Are you going to pay him for his time saving your life off duty? Legitimate question. He has no obligation to save your life and he's probably exhausted from all the life saving he's already done. Hope you don't "bug out" from life itself because he was falling asleep trying to prevent you from bleeding out when there's a perfectly good trooper there to deal with your injury.


----------



## ECOMCON (Dec 30, 2018)

RDWRER said:


> Are you going to pay him for his time saving your life off duty? Legitimate question. He has no obligation to save your life and he's probably exhausted from all the life saving he's already done. Hope you don't "bug out" from life itself because he was falling asleep trying to prevent you from bleeding out when there's a perfectly good trooper there to deal with your injury.


......said the uber driver who runs to the forum upset & cursing when not tipped.


----------



## RDWRER (May 24, 2018)

ECOMCON said:


> ......said the uber driver who runs to the forum upset & cursing when not tipped.


Are you taking about yourself here?
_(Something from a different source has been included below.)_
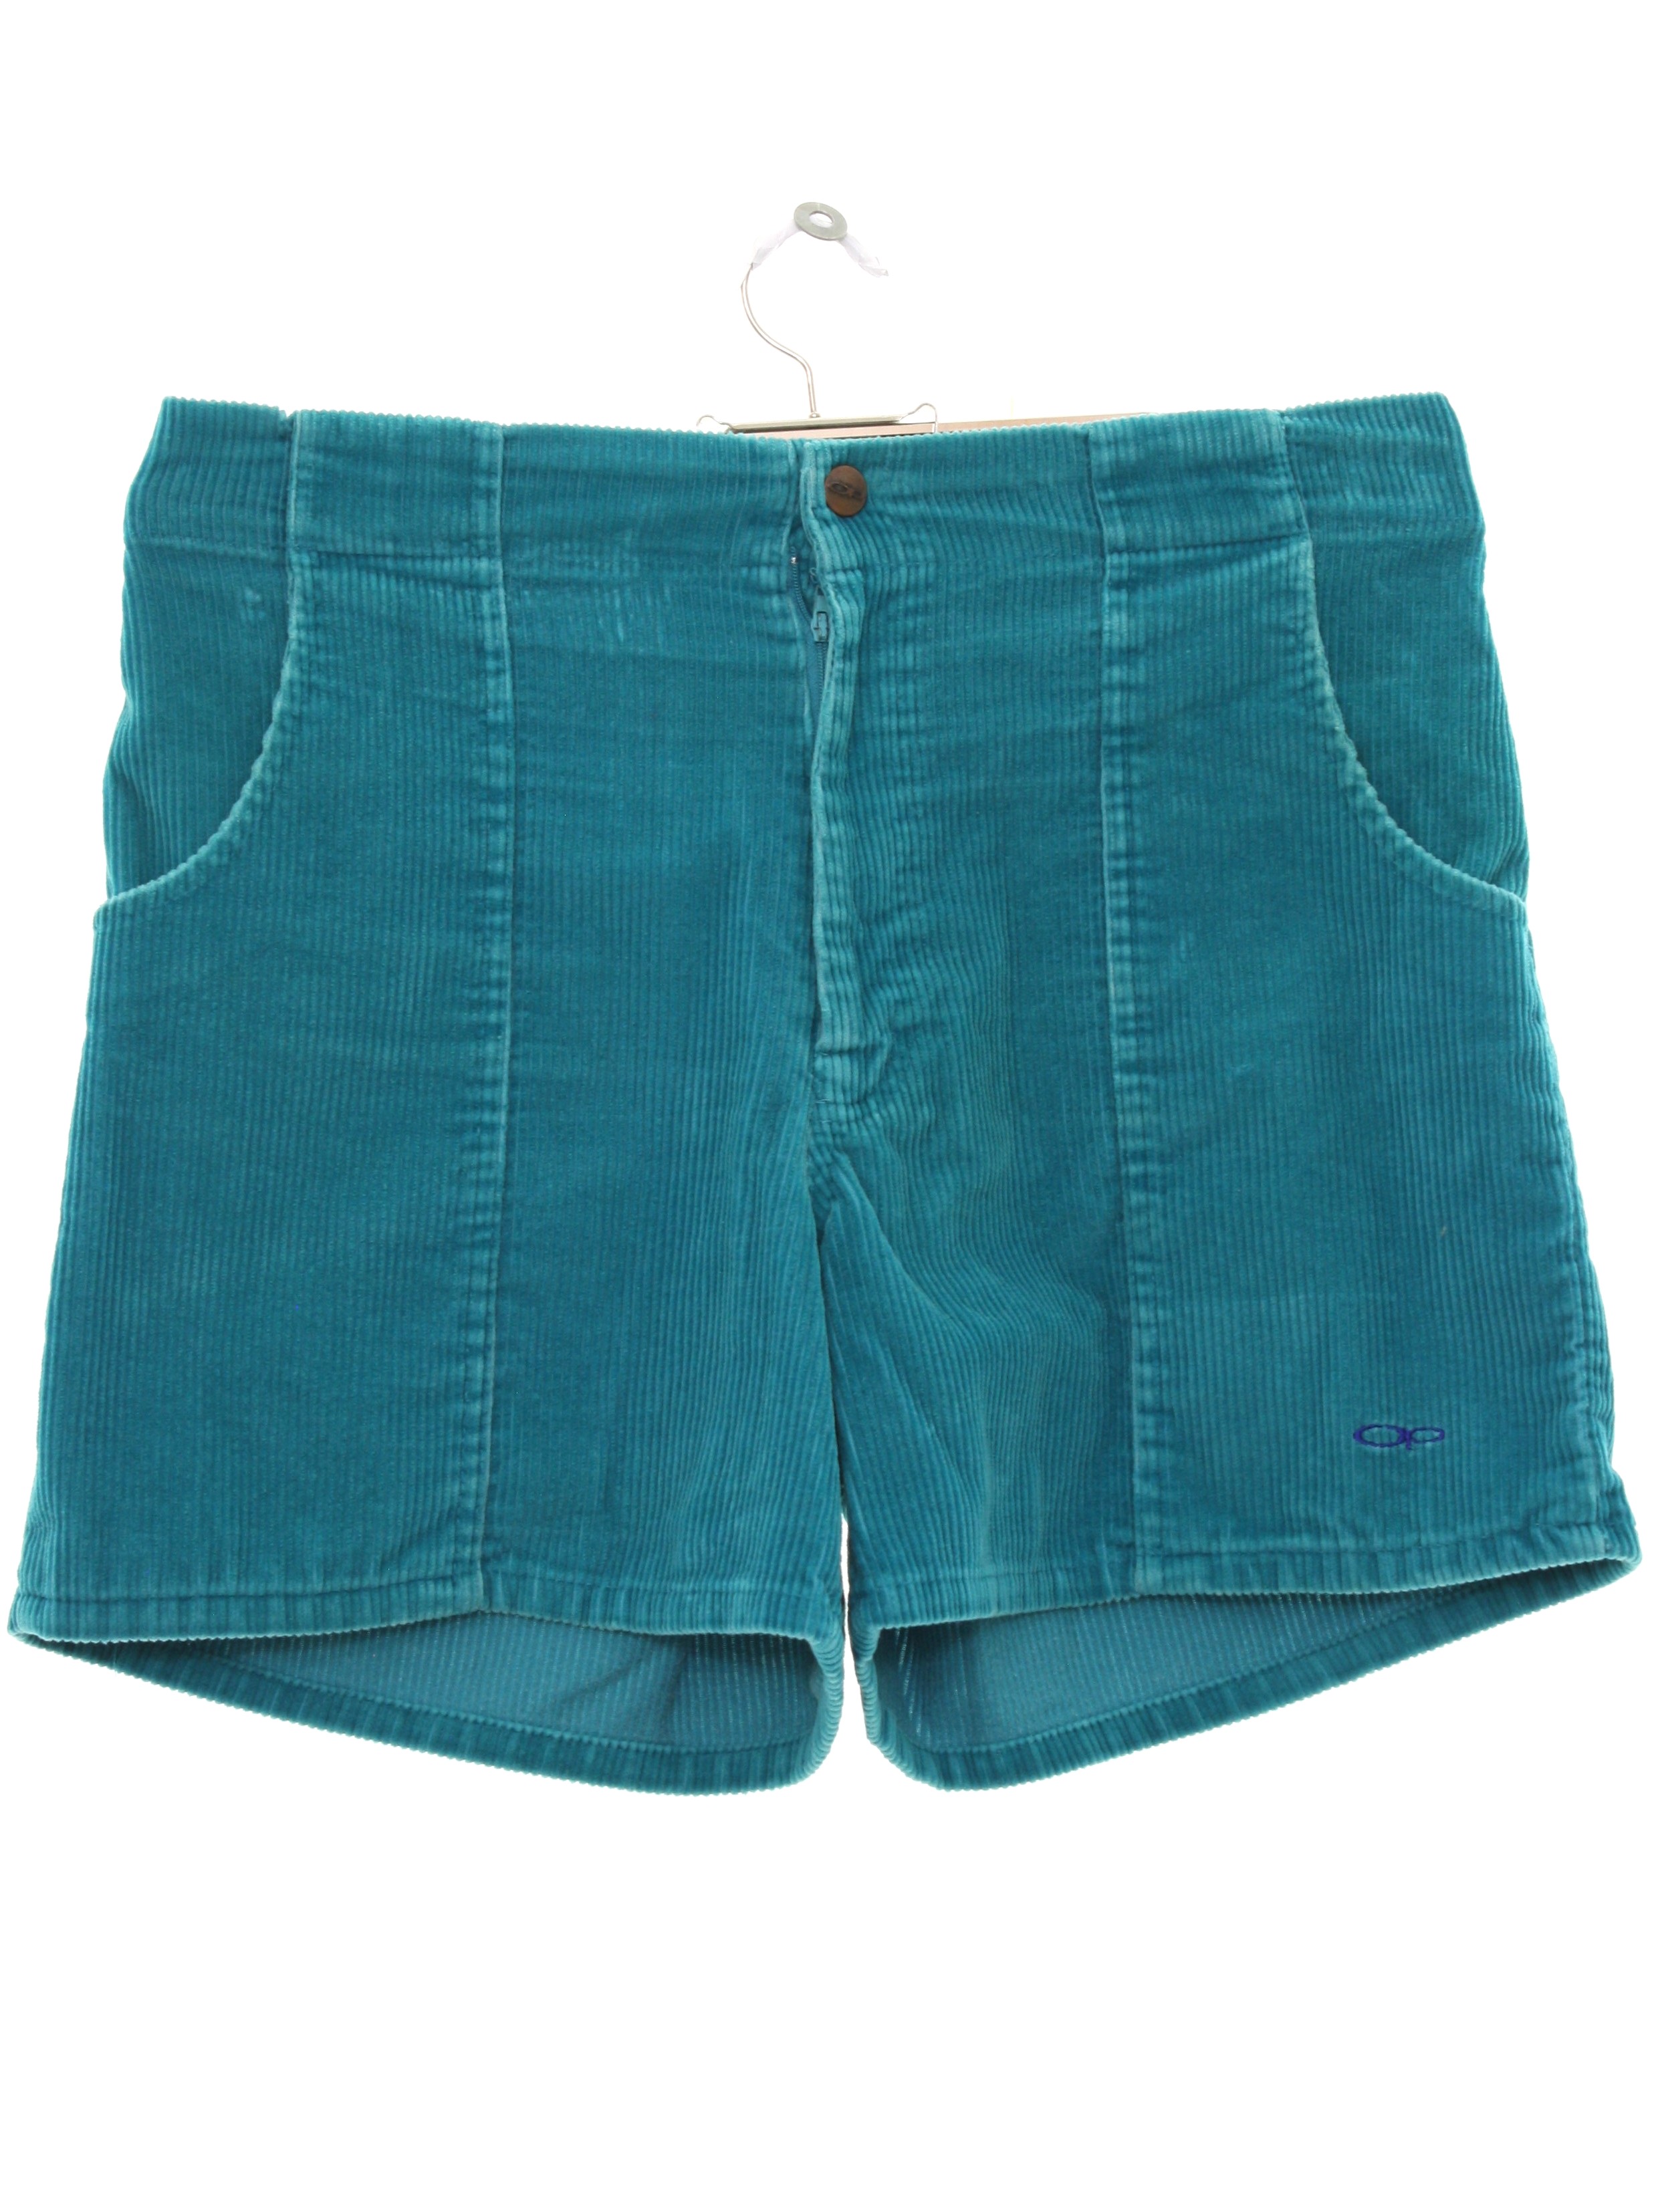 80s〜 OP corduroy shorts old オーシャンパシフィック | tspea.org

I implore you to look at my posting history and find even one post where I complained that I was not being tipped. Go ahead. I'll wait.


----------



## ECOMCON (Dec 30, 2018)

RDWRER said:


> Are you taking about yourself here? I implore you to look at my posting history and find even one post where I complained that I was not being tipped. Go ahead. I'll wait.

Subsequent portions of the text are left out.